First, we hope to clarify how AutoGuide generates context-aware guidelines across different domains and tasks:
- For each domain (e.g., ALFWorld, WebArena, WebShop), a new set of contexts and guidelines is extracted.
- Within a domain, contexts and guidelines are extracted from training tasks and then used for test tasks.
- For each state of a test task, the context is identified and the most helpful guidelines are selected.
AutoGuide can experience noise from three sources: 1) noise in the context identification module, 2) noise in guideline selection module, and 3) noise in guideline extraction module. In this rebuttal, we conduct an additional analysis to demonstrate that the noise in each module is minimal.

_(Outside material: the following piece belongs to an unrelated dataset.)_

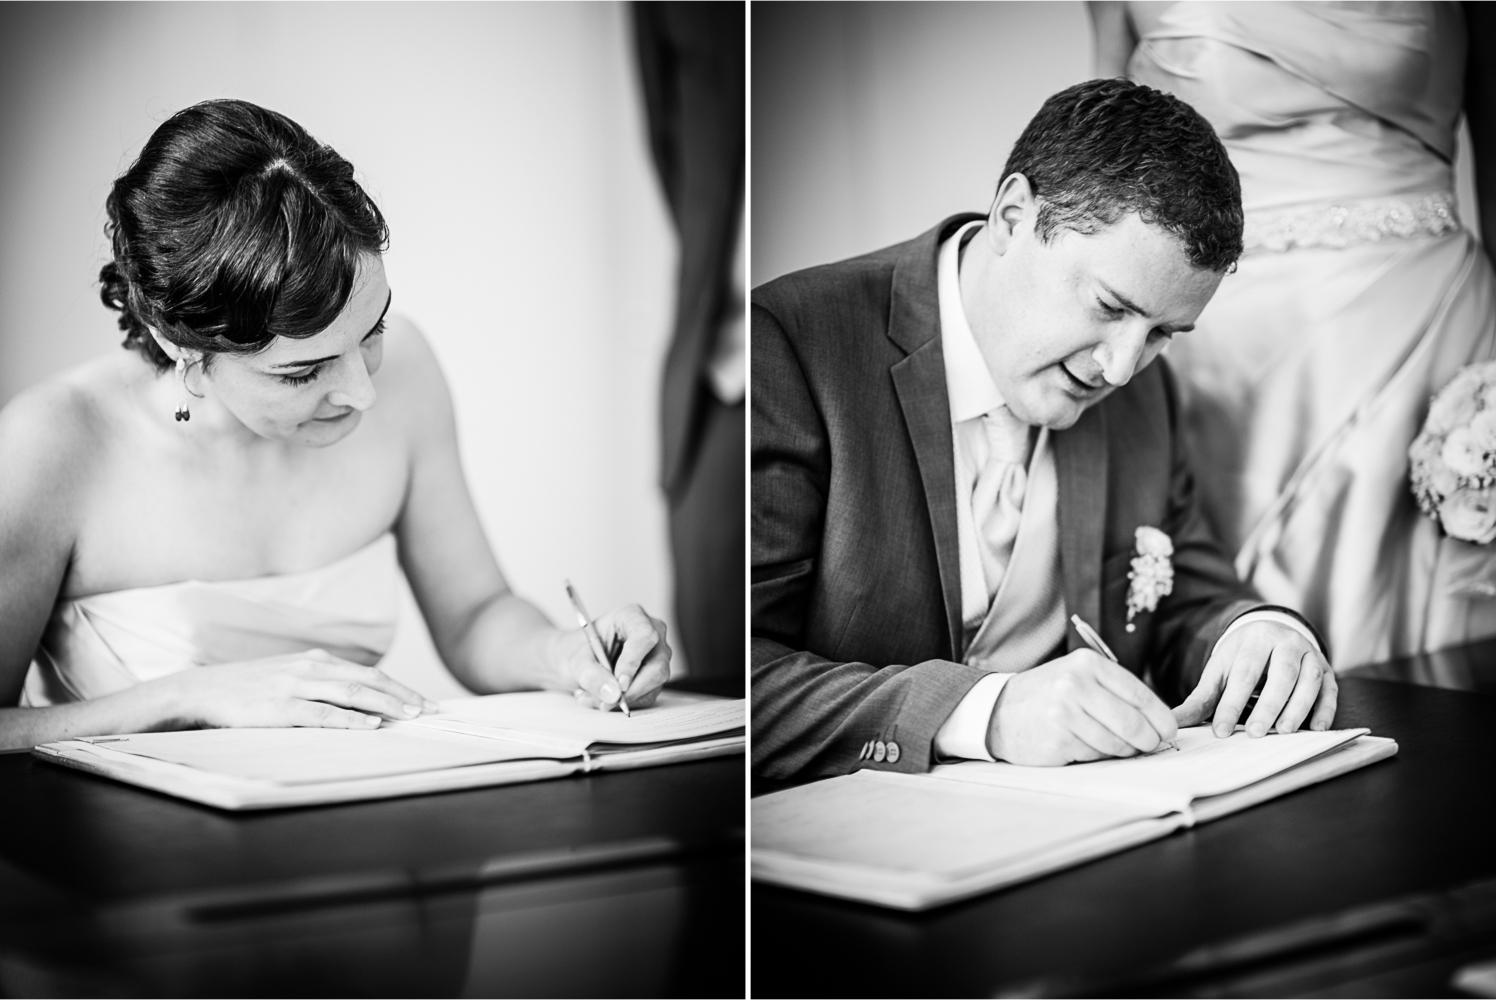 Hochzeit Stephanie und Mathieu in Wesenberg / Neustrelitz © Jeanette Krüger / JK Photographs

For the noise sources of 1) and 2), we provide statistics on the rate at which the context identification module incorrectly identifies contexts and the guideline selection module selects incorrect guidelines on ALFWorld through manual evaluation. This analysis demonstrates that both the context identification and guideline selection modules produce results with low noise:
| Module | Error Rate (%) |
|---|---|
| Context Identification | 3.2% |
| Guideline Selection | 1.1% |
For the noise source of 3), it is challenging to determine the correctness of the guideline extraction module compared to the first two modules (i.e., context identification and guideline selection). Therefore, we qualitatively examine each extracted guideline in Figures 14-15. Our observations indicate that these guidelines contain helpful and effective knowledge, as demonstrated in our empirical experiments. Having a standardized metric for quantifying the quality of generated guidelines would be beneficial, and this is part of our planned future work, as noted in Appendix A (Limitation and Broader Impacts).
Lastly, AutoGuide employs principled methods to systematically address potential noise. Specifically, AutoGuide includes a context-matching procedure (Lines 128-131) to determine if the currently generated context matches any previously identified contexts. Additionally, AutoGuide uses the guideline selection module (Section 3.3) to choose up to relevant guidelines based on the current context. If no guidelines are deemed relevant, this guideline selection module can opt not to select any guideline.
This paper proposes a method (autoguide) to improve LLM agent performance by generating context-aware guidelines.
Strengths: S1. All reviewers like the idea of context-aware guideline. S2. Strong experimental results on multiple benchmark tasks.
Weakness: W1. Some connections and comparisons with ReAct, Reflexion, ExpeL need further evidence.
Overall, it is a clearly-written paper with an interesting idea (context-aware guideline).